Several initiatives announced by the Government in recent months have promoted an outdoor summer. This has included funding to improve public spaces, litter management and grant funding for restaurants and cafes to buy outdoor furniture. Some concerns have been raised about the management of this furniture, the blocking of paths and the knock-on impact for accessibility in our towns and villages. Green Party TD Steven Matthews has asked that local authorities take a more proactive approach to managing and enforcing the conditions for licensing of outdoor furniture to ensure that disability access and safe footpaths are maintained.

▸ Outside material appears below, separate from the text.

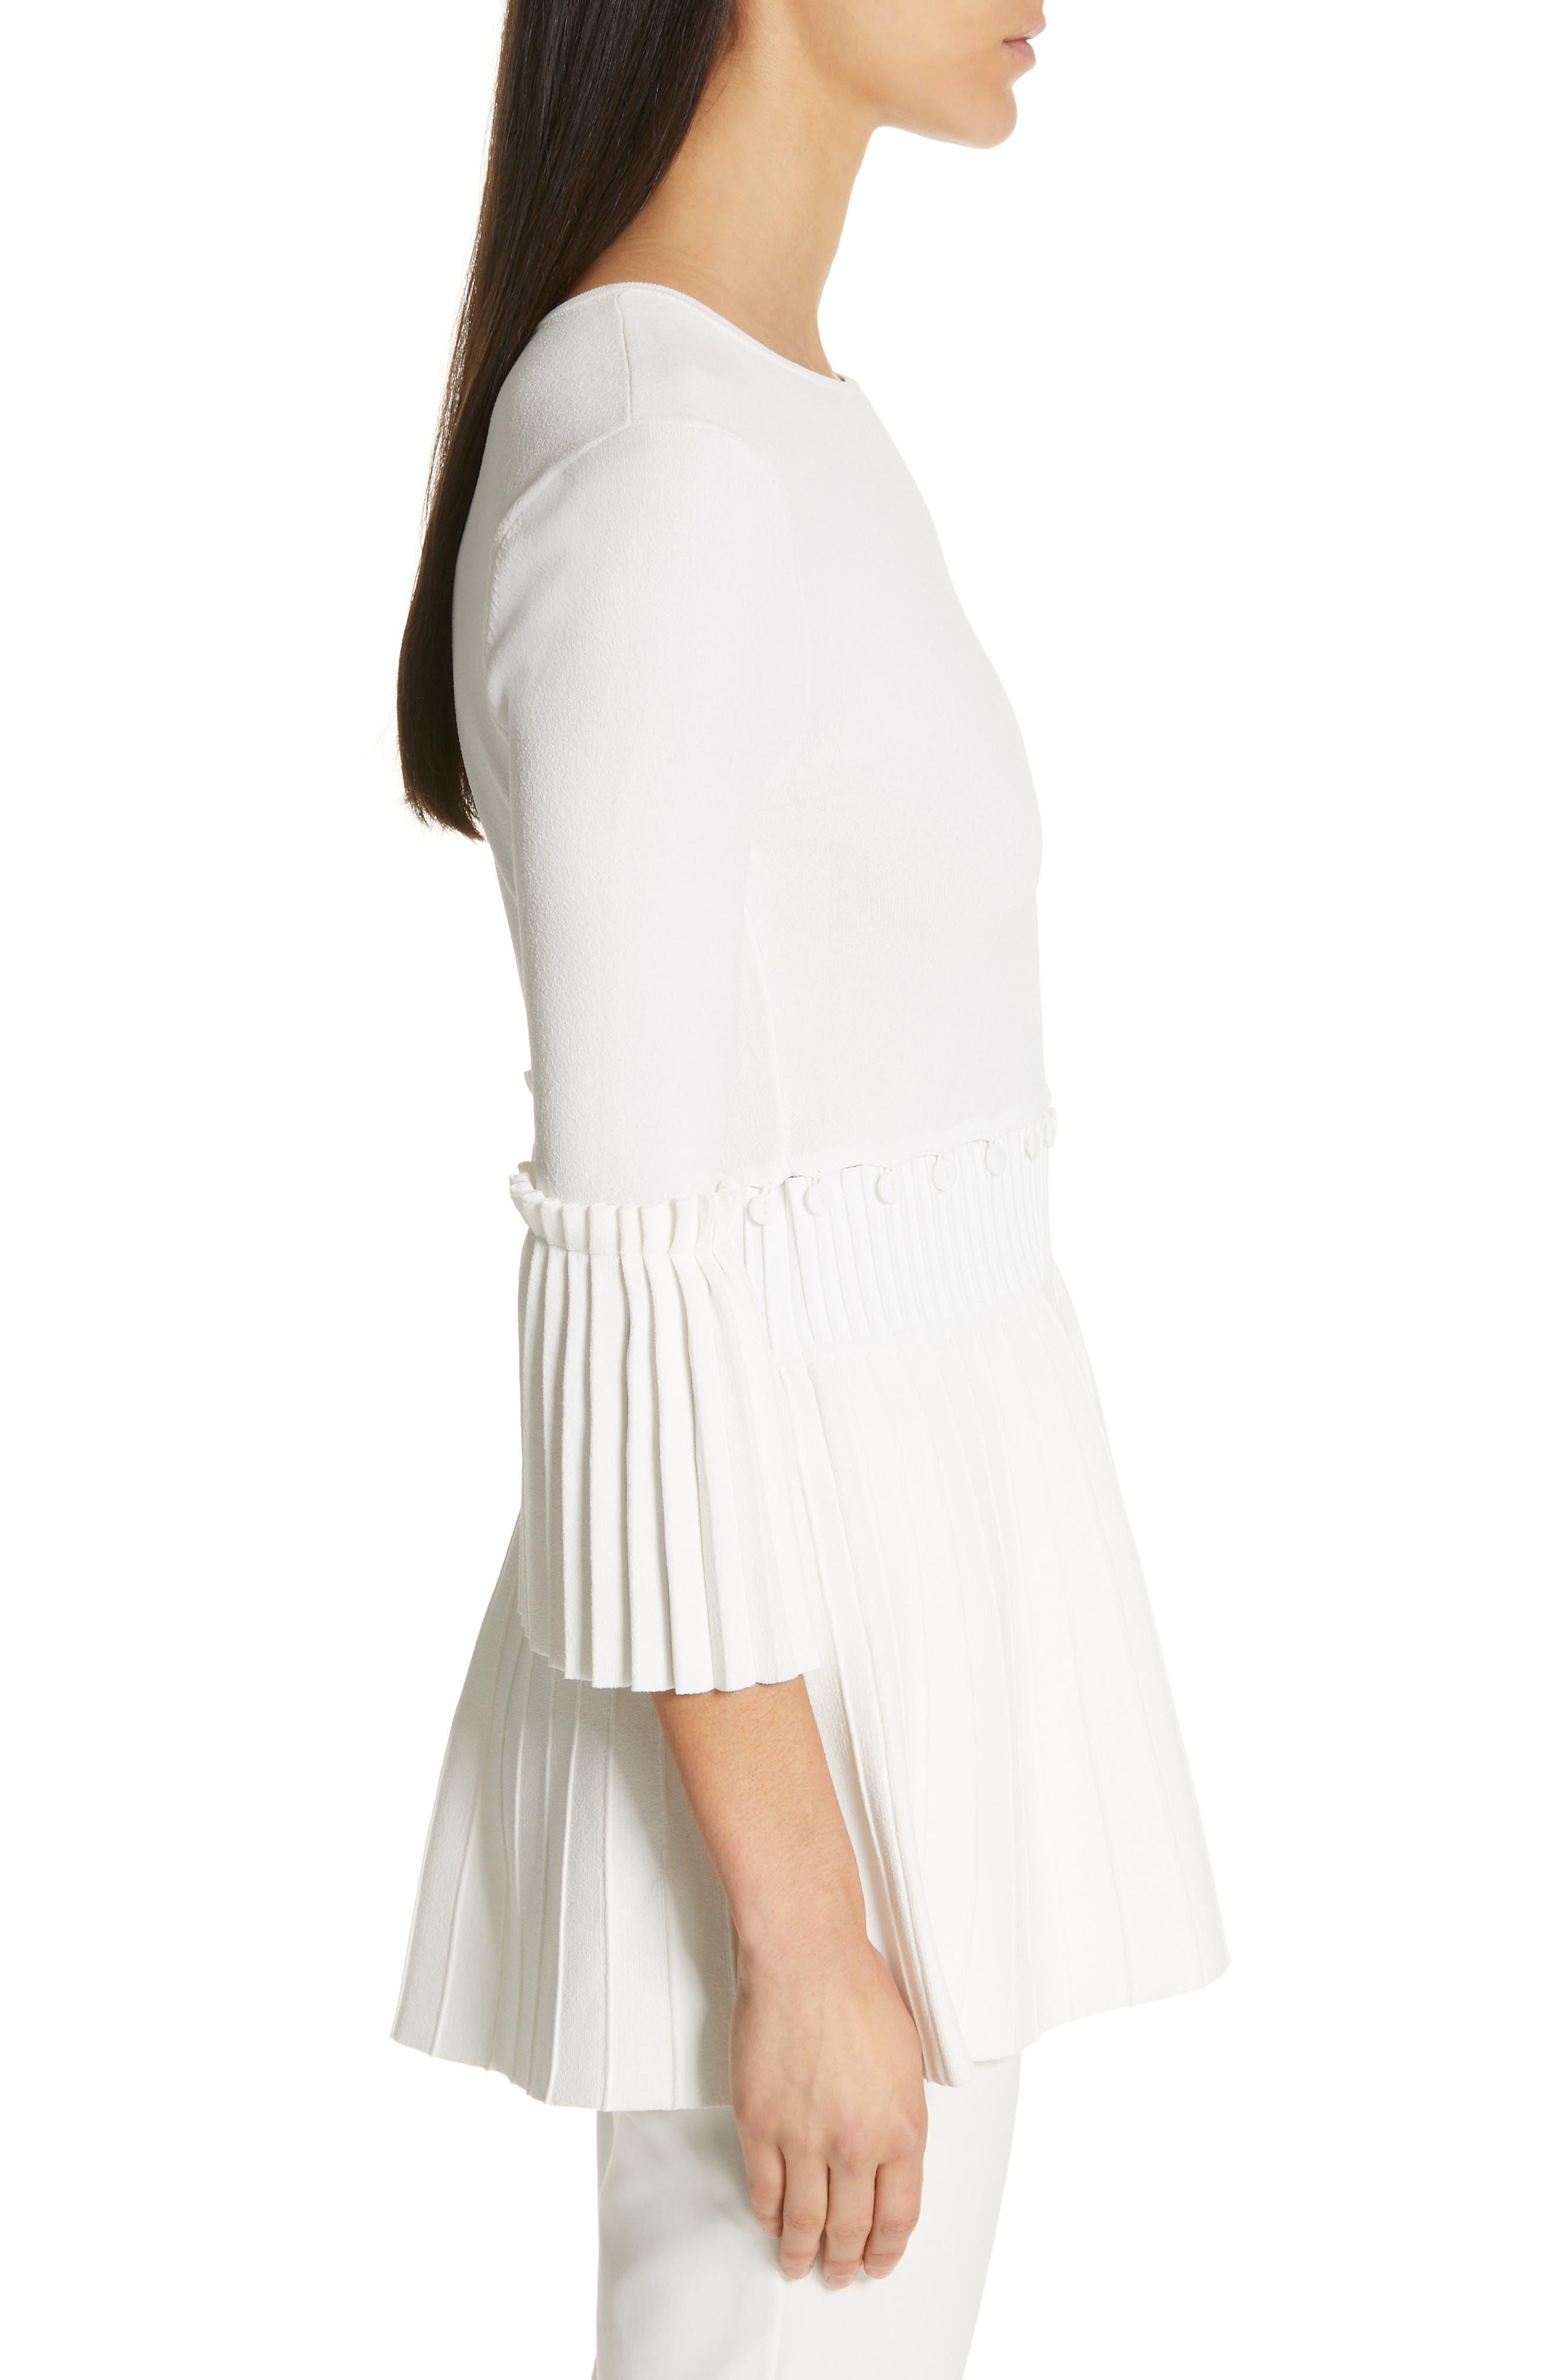 LELA ROSE,                             Pleated Knit Top,                             Alternate thumbnail 3, color,                             WHITE

Discussing these concerns, Deputy Steven Matthews said:


“Better management of street and outdoor dining furniture is required to maintain accessibility for all. It’s great to see our streets alive again with outdoor dining and lots of seating but in some cases, it is causing a real impediment to pedestrians and especially those with mobility issues. The responsibility for issuing permission to place outdoor dining furniture and other objects on the public footpaths and the monitoring of compliance with the conditions of that licence lies with the Local Authority.


“When the Green Party first called for grants to support businesses in purchasing outdoor furniture and providing supports to local authorities to allocate space for an outdoor summer, we were very conscious of the impact that this could have on pedestrians and those with mobility or vision impairments. Street clutter in the form of excessive signage, advertisement-boards and utility boxes have always presented a problem for pedestrians. Even poorly placed planters and bins can be also problematic, and we highlight this issue every year on Make Way Day.


“The re-allocation of car spaces, pedestrianisation and provision of lots of street furniture this year are welcome additions to our towns and cities and has provided a huge boost for eligible businesses when they were able to recommence trading. While I completely support all these measures, these businesses and the local authorities must ensure they leave space for pedestrians. Tables and chairs can creep during a day’s use as diners arrive or leave or move to catch the sunshine and its firstly the responsibility of the business owner to manage this as they would any part of their premises.


“Where a problem persists, the Local Authority must step up and inspect and act at problem locations. I have asked the Minister for Planning and Local Government - Peter Burke to ensure that Local Authorities are reminded of their responsibilities and that they would engage with business to offer guidance on how much space must be maintained for safe pedestrian use. I’m happy to see that Dublin City Council have acted on this and have provided guidance and I’m calling on all Local Authorities to follow this example, concluded Deputy Matthews.